A nurse is assessing a client who reports a severe headache and stiff neck. The nurse's assessment reveals positive Kernig's and Brudzinski's signs. Which of the following actions should the nurse perform first?
- A. Decrease bright lights
- B. Implement droplet precautions
- C. Initiate IV access
- D. Administer antibiotics
Correct Answer: B
Rationale: The correct answer is B: Implement droplet precautions. This is the first action the nurse should take because positive Kernig's and Brudzinski's signs suggest the client may have meningitis, which is highly contagious through respiratory droplets. Implementing droplet precautions will help prevent the spread of the infection to others. Decreasing bright lights (A) may be helpful for the client's comfort but is not the priority. Initiating IV access (C) and administering antibiotics (D) are important interventions but should be done after implementing precautions to prevent transmission of the infection.
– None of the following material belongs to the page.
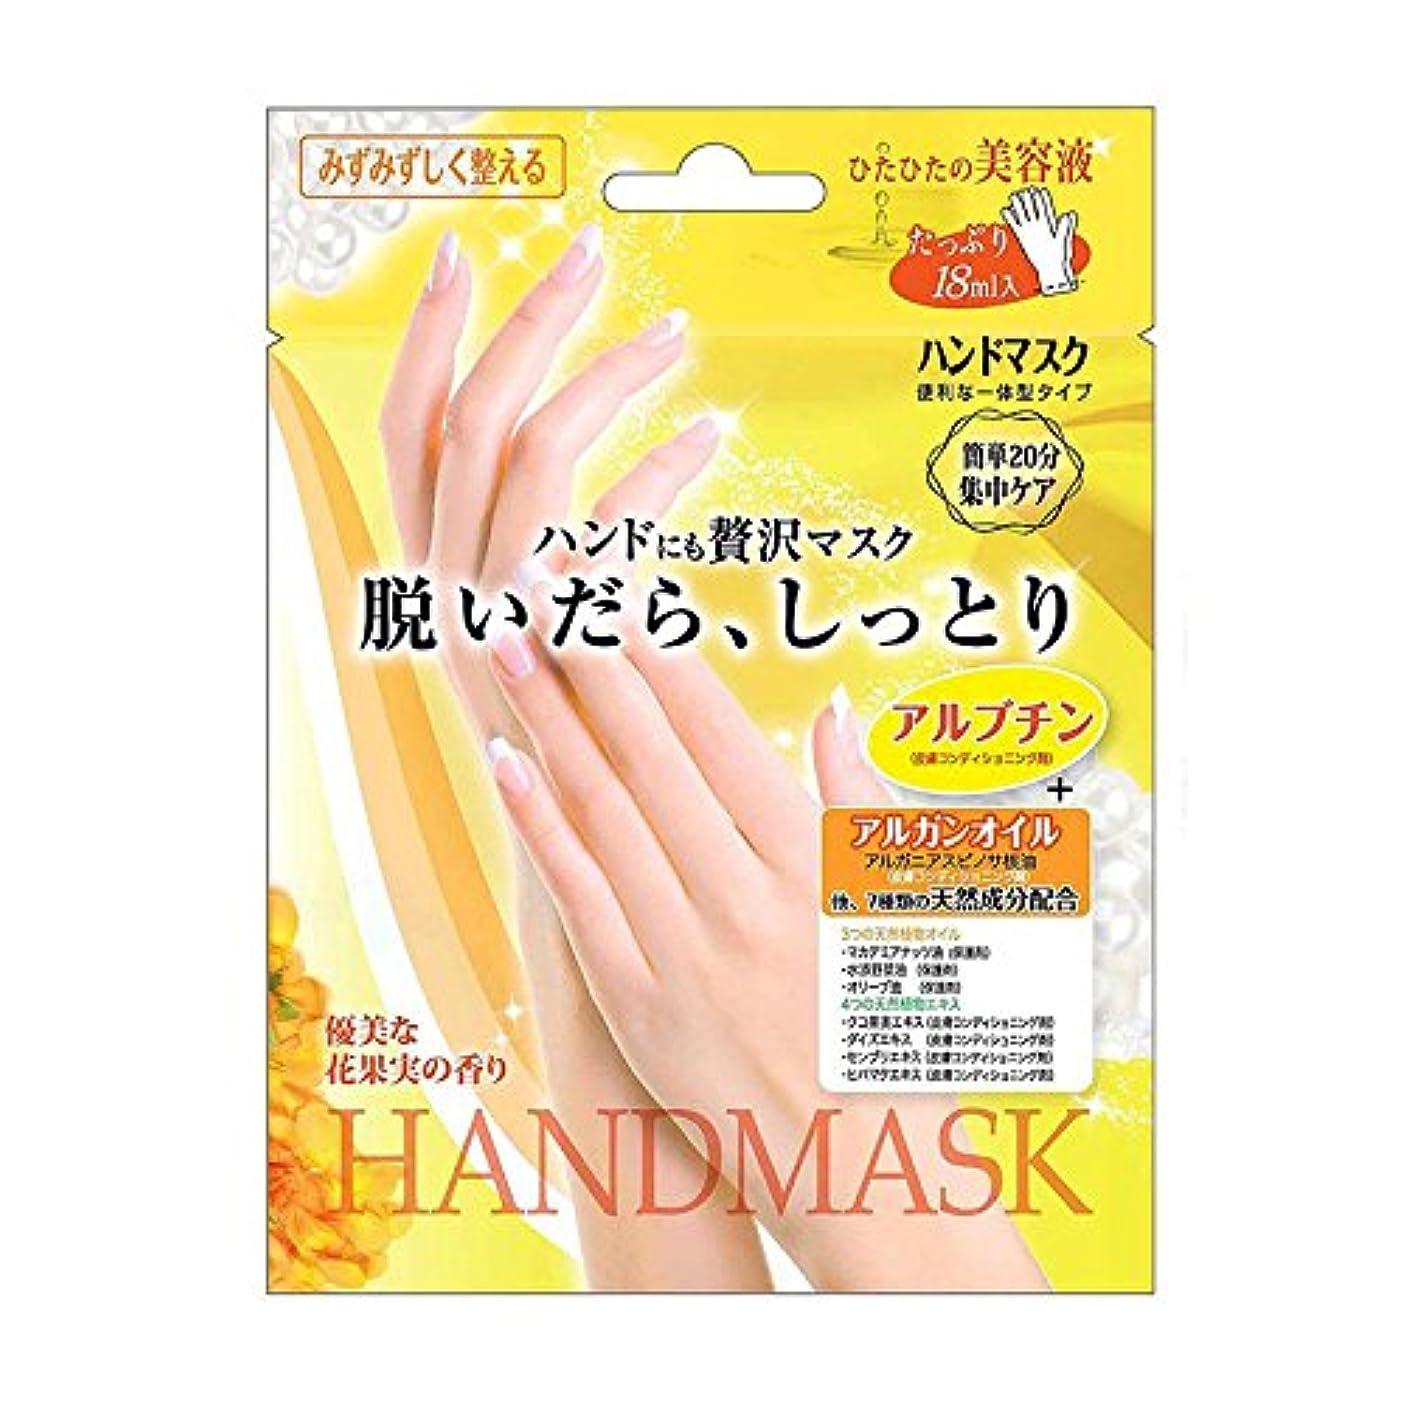 副世界説得ビューティーワールド ハンドにも贅沢マスク 脱いだら、しっとりハンドマスク 6個セット

A nurse is teaching the family of a client who has a new diagnosis of epilepsy about actions to take if the client experiences a seizure. Which of the following instructions should the nurse include in the teaching?
- A. Insert a padded tongue blade into the client's mouth
- B. Restrain the client
- C. Move objects away from the client
- D. Place the client on his back
Correct Answer: C
Rationale: The correct answer is C: Move objects away from the client. This instruction is crucial to prevent injury during a seizure by creating a safe environment. Placing objects away from the client reduces the risk of them hitting or injuring themselves. It also allows for a clear space for the client's movements during the seizure.
Choice A is incorrect as inserting a padded tongue blade can cause injury and obstruct the client's airway. Choice B is incorrect as restraining the client can lead to further injury and is not recommended during a seizure. Choice D is incorrect as placing the client on their back can increase the risk of choking or aspiration if they vomit during the seizure.